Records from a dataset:
______

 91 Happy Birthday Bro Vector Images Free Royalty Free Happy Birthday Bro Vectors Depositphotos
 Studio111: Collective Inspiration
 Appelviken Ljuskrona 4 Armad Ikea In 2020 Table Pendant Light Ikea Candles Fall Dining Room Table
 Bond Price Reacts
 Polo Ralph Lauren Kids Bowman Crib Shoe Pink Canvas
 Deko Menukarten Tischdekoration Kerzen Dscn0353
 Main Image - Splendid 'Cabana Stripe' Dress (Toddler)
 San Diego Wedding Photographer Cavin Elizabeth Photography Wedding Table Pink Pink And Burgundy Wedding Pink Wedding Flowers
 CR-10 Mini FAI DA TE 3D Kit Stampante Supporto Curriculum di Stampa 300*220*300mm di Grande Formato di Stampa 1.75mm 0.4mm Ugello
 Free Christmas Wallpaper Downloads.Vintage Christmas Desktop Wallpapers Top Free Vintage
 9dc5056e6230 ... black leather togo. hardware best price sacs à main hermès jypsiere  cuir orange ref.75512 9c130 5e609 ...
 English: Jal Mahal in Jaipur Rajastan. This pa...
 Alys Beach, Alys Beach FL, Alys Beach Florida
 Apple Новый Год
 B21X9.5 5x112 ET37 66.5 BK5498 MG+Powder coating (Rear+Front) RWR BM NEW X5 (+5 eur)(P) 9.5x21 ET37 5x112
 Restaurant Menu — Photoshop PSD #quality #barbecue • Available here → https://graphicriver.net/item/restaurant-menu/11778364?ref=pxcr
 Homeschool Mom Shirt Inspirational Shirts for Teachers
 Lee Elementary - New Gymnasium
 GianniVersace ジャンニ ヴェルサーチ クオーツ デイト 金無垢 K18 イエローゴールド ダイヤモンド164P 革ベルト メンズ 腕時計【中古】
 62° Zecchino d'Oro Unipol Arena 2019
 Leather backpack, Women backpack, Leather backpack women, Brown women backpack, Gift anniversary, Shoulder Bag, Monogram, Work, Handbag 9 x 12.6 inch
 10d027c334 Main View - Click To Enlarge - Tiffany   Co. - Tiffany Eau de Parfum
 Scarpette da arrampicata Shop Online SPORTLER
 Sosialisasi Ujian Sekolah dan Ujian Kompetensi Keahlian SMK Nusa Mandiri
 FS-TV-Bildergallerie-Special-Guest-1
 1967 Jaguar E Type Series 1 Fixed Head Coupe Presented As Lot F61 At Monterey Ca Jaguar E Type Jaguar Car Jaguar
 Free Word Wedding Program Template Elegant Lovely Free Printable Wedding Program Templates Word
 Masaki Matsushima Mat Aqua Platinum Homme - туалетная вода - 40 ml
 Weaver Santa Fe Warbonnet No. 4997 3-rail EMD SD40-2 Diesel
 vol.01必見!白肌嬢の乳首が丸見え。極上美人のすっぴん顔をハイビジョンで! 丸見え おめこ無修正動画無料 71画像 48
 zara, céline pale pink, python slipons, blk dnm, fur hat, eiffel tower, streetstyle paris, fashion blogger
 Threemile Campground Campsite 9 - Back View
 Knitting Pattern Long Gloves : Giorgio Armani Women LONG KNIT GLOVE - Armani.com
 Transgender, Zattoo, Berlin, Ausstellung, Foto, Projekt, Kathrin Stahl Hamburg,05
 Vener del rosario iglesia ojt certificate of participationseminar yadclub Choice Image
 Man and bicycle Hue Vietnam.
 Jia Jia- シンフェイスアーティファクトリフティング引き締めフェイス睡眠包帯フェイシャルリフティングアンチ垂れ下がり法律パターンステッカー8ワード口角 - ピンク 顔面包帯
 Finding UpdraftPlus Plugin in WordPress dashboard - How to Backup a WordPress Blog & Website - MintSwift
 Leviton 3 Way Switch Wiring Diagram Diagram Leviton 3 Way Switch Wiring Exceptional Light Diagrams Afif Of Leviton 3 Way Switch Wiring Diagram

______

* **PROBLEM DETAILS**
Line count for "Light": report how many lines in the data above include it, with no other words.

* **RESULT OF THE TASK**
2